Saturday, October 17, 2009

Friday Afternoon Fun




Friday afternoon I planned an afternoon of fun for Nicholas and Elizabeth, beginning with a trip to my apartment to meet my roommate Rebecca. It's surprising how the simple things in life can bring such excitement to children!
After visiting with Rebecca, we enjoyed some time outdoors feeding the ducks, the fish, and the turtles in the lagoon near our apartment. Talk about exciting times! For them, this experience was euphoric! Of course it was such a delight for me to watch them interact with nature and ask questions! Getting a glimpse of the world through their eyes is so refreshing!

Last, the great finale of our afternoon was the Family Fall Fest at my school. The lawn was filled with smiling children engaging in games, crafts, face-painting, pumpkin decorating, and much more! Elizabeth and Nicholas were among them, overwhelmed by the excitement of it all! Much to my amazement and delight, neither of them ran away from me, got hurt, threw a temper tantrum or wet their pants! If you are a parent or a nanny, you know what I mean! We did have a couple of close calls when their helium balloons floated away into the sky, but I quickly responded with something like, "Now you can make a wish!". That helped turn their disappointment upside-down! Overall, I think a good time was had by all! The best part, I got paid for it!

It was the first beautiful fall day filled with soul-penetrating rays of sunshine and crisp, cool air. The kind that brings back memories in college of hiking through the Blue Ridge Mountains enjoying the beautiful foliage of fall arrayed in hues of red and orange! Following weeks of rain and the compounded stress of school and life, this was a much needed change for me as well as the kids!



Saturday, October 3, 2009

A Soul Pondering

The knowledge of our own poverty brings us to the moral frontier where Christ works. -Oswald Chambers

I have been struck by contemplation of my own spiritual poverty this week. The more I grow in grace, the more I come to grips with my deep need for more. In this soul discovery, I've found the basis for much of my sin is unbelief. As this was turning around in my mind, it really started to bother me. So, I took some time to journal and asked myself the question: "If I really believed God is who He says He is and will do what He says He will do, then how would my thoughts and actions change?" Needless to say, the list was inexhaustible and I very quickly felt overwhelmed by the contrast of God's magnitude and my fluttering unbelief. In the end, I stopped to worship Him for who He is and recognize that He is in charge of changing me. It is my charge to repent and give myself again to His shaping. My mantra in prayer this week was, "Lord, help my unbelief!" In other words, transform me from the inside out. I want to act in accordance with the truth about God that dwells deep within. The basis for all of this thinking is of course the fact that we innately act out what we believe to be true (Proverbs 12:20). If I worry when God says not to worry (The truth being everything is under His control), then clearly I am faltering in my belief that God is, in fact, in control.

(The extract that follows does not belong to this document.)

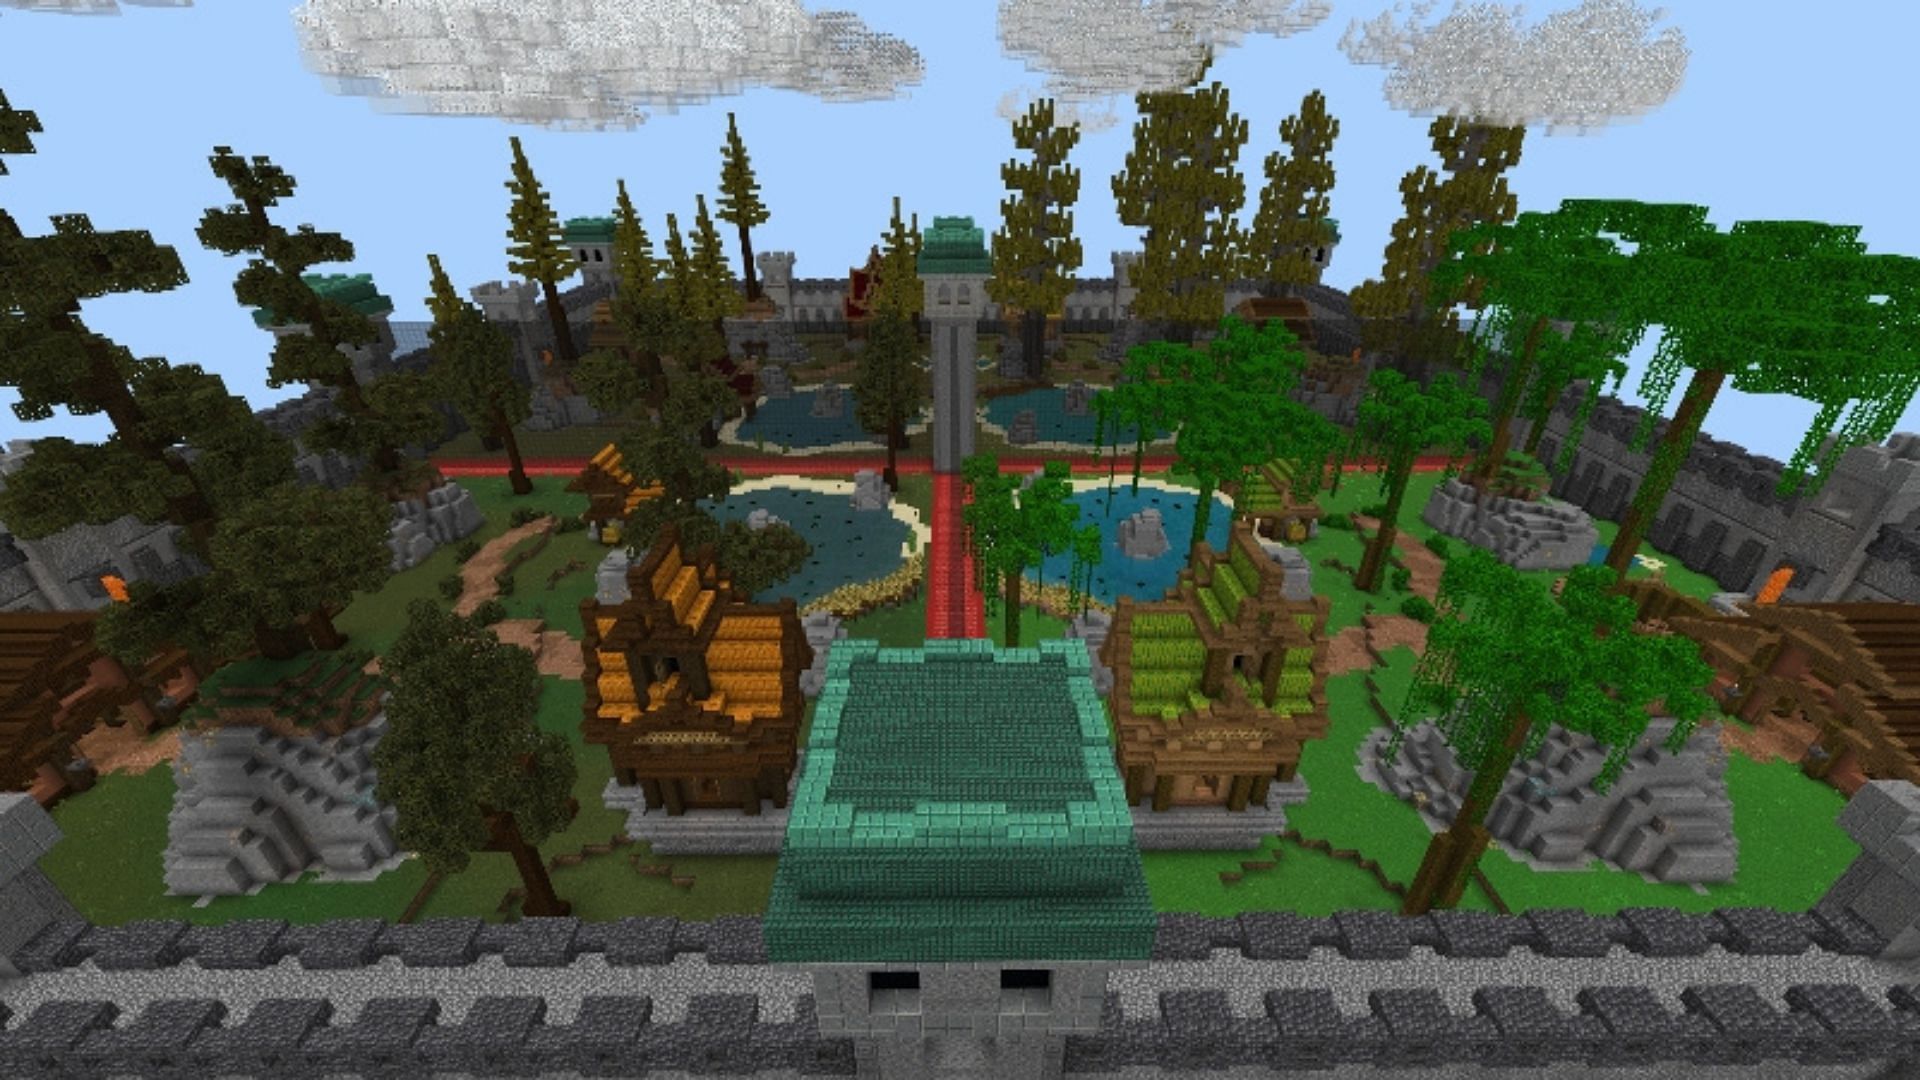 Walls mini-game in Minecraft Marketplace (Image via Minecraft Marketplace)
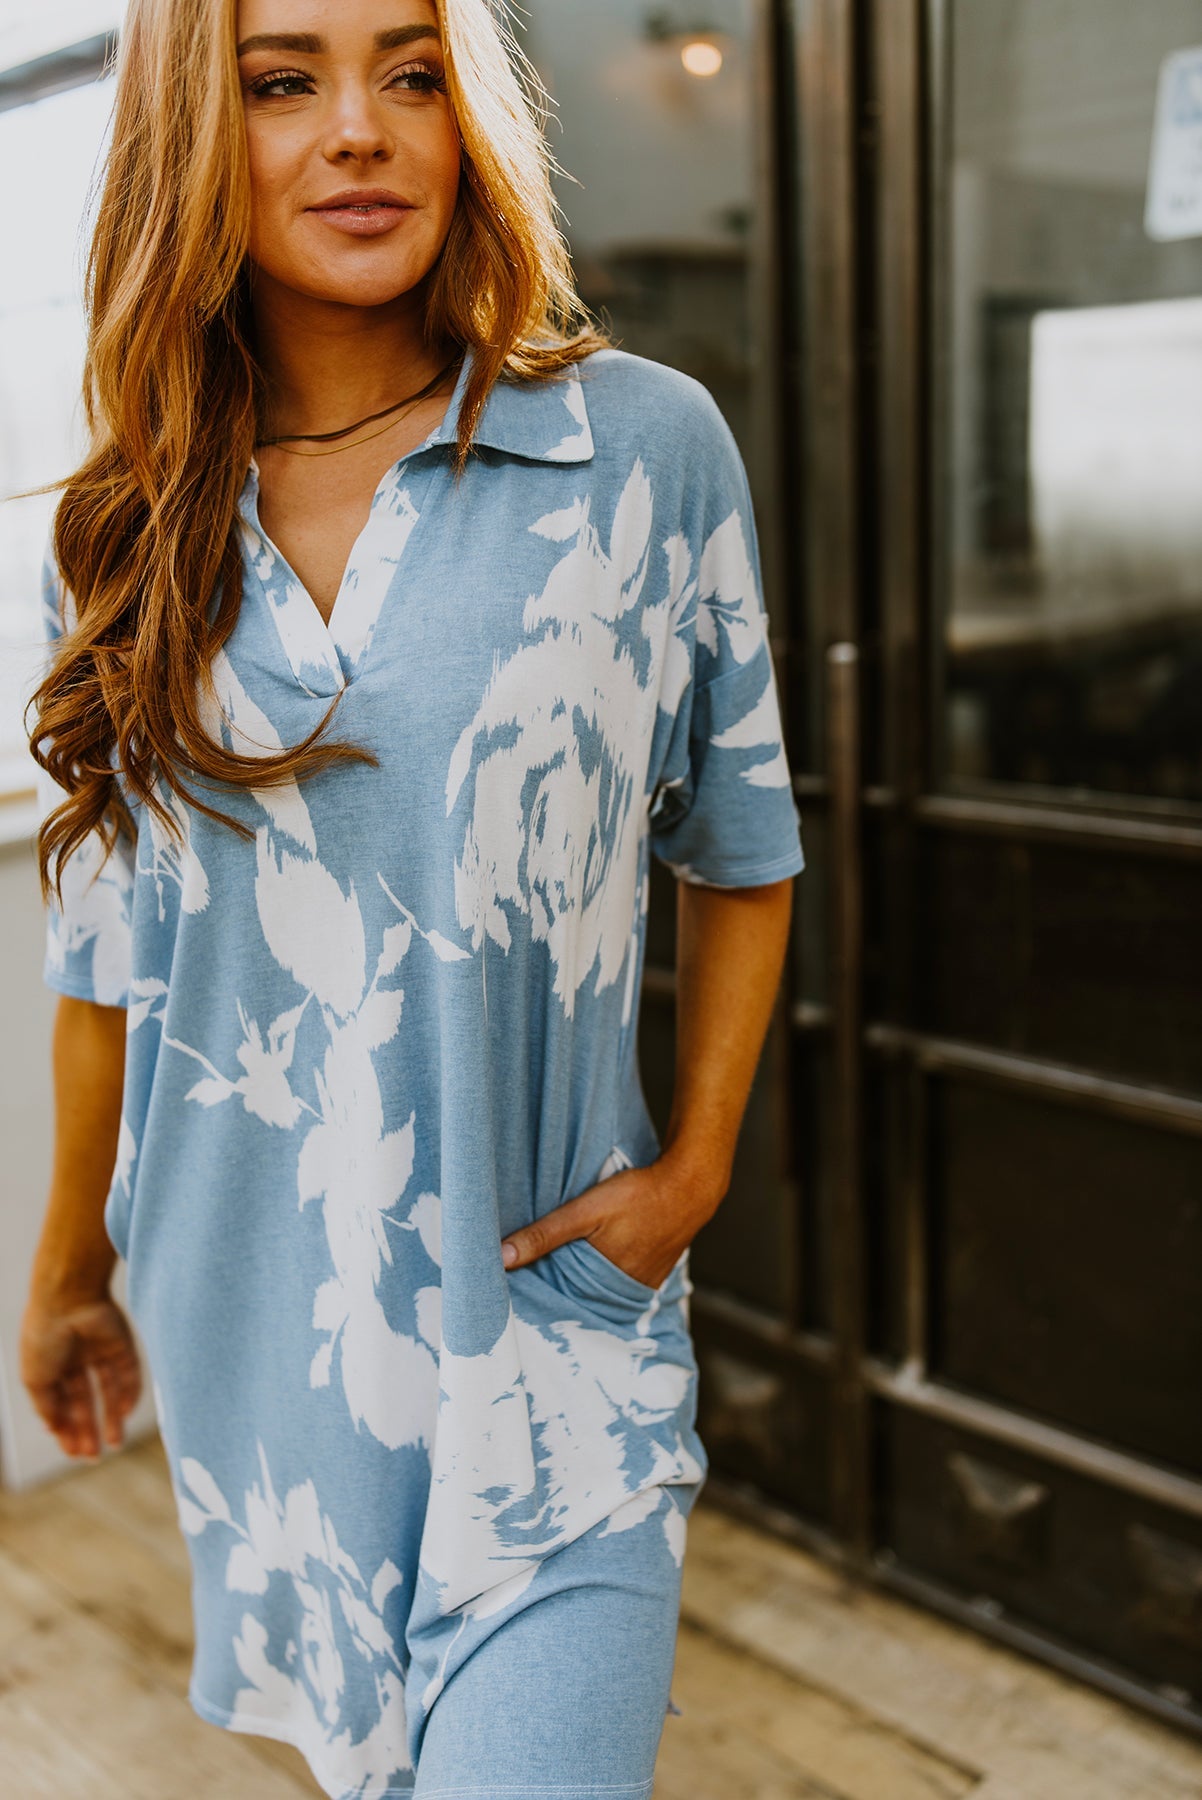 Prep Obsessed Blue Floral Dress, SMALL left!

The past few weeks, in conjunction with this, I have also been meditating on Romans 6 all the while asking God to transform my heart. I come back to this passage daily to soak in its pungency. I can hardly grasp this concept of grace in my life! My hope is that as this passage becomes part of me, I will begin to be transformed by the power of the Holy Spirit. On top of all of this inner turmoil, I have experienced tremendous amounts of grace in context of friendships, work and study. My heart sings with gratitude, but it also stings with a sense of unworthiness. Experiential knowledge leaves an indelible impression, yet sometimes a much harder lesson!